Никто не спросил, что именно толкнуло ее на край балкона. Ни родители, ни полиция, ни въедливый доктор Брумм. «Почему же он спрашивает? – сердито сжимая губы, думает Дина. – Почему – сейчас?»
Владимир Анатольевич заглянул в палату пару минут назад, предупредил, что Антонина перевезет ее в другое отделение до обеда, и задержался, задумчиво глядя на Дину. Он сунул руки в карманы голубого халата и теперь возвышается над кроватью эдакой молчаливой горой, увенчанной аккуратной, почему-то не голубой, а белой шапочкой.

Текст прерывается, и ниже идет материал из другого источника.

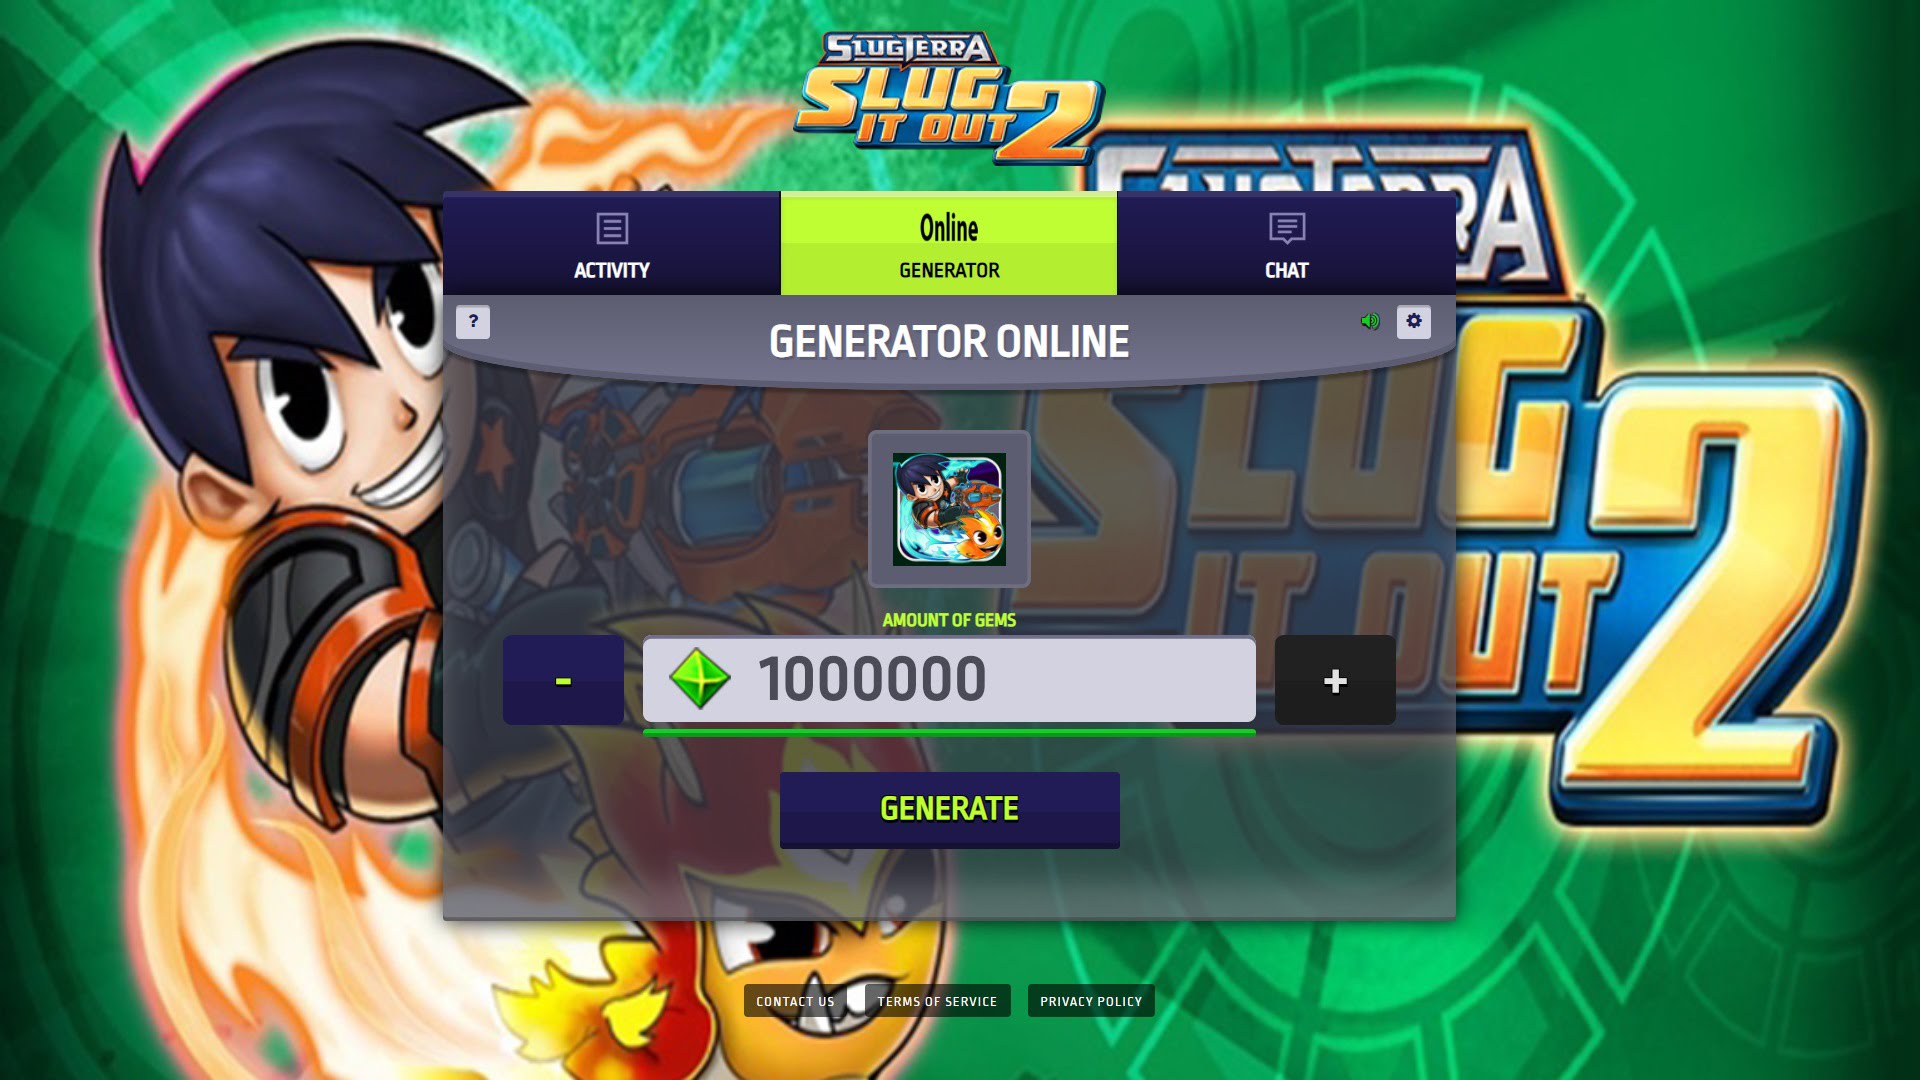 slugterra slug it out game play online

– Ответь мне на один вопрос, Дина… – начинает он.
Как можно ответить вот так, сразу? Дина беспокойно ерзает, пытается поправить подушку одной рукой. Заведующий молча ждет.
Она хмурится, выдыхает и неожиданно для самой себя начинает говорить:
– Сначала это была обида. И страх. Потом – злость. Потом снова обида и снова страх, – честно перечисляет Дина. – Мое лицо, конечно. Я думала, что всем так будет легче. Маме… Конечно, я была полной дурой. Теперь понимаю. И не в родителях было дело, я просто боялась так дальше жить. Мне казалось, что самое ужасное уже произошло и я никогда не стану прежней. Что у меня не будет друзей, родные будут страдать и мучиться, а окружающие – шептаться за спиной или тыкать пальцем.
Дина торопится, слова почти обгоняют мысли, принося невероятное облегчение. Она чувствует себя так, словно разбирает захламленный дом, впуская в открытые окна свежий ветер и солнечный свет.
– Я просто сбежала, струсила. А потом оказалось, что я сама себя не знаю. Что главное – то, о чем я даже не думала, – вовсе не снаружи меня. Оно – внутри. И оно не искалечено, скорее наоборот, Владимир Анатольевич. И знаете, что я поняла? Я старалась победить обстоятельства, а достаточно было просто победить собственные страхи.
Она смотрит на доктора. Он кивает, очень серьезно, и мягко сжимает запястье ее здоровой руки.
– У тебя все будет хорошо, Самойлова. Ты – сильная девочка. Я рад, что ты это понимаешь.
– Не я! – из последних сил сопротивлялась Дина, больше не отождествляя себя с той сломанной девочкой на краю балкона.
Хватка ослабела.
– Я – другая! – теперь у нее получилось заговорить. – Я – живая! – силилась закричать Дина и услышала свой ломкий, полный отчаянной страсти голос, звенящий в ушах почти так же громко, как завывания Тьмы.
Холод отпрянул под дикие вопли и разъяренный шипящий визг: «Ж-живай-я?» Ненастоящее солнце, словно гротескно-большой ночник, вспыхнуло где-то за окном, позволяя Тьме, не исчезая совсем, клубиться у потолка и по углам, разочарованно шипя: «А-р-х-ш-ш-а-х».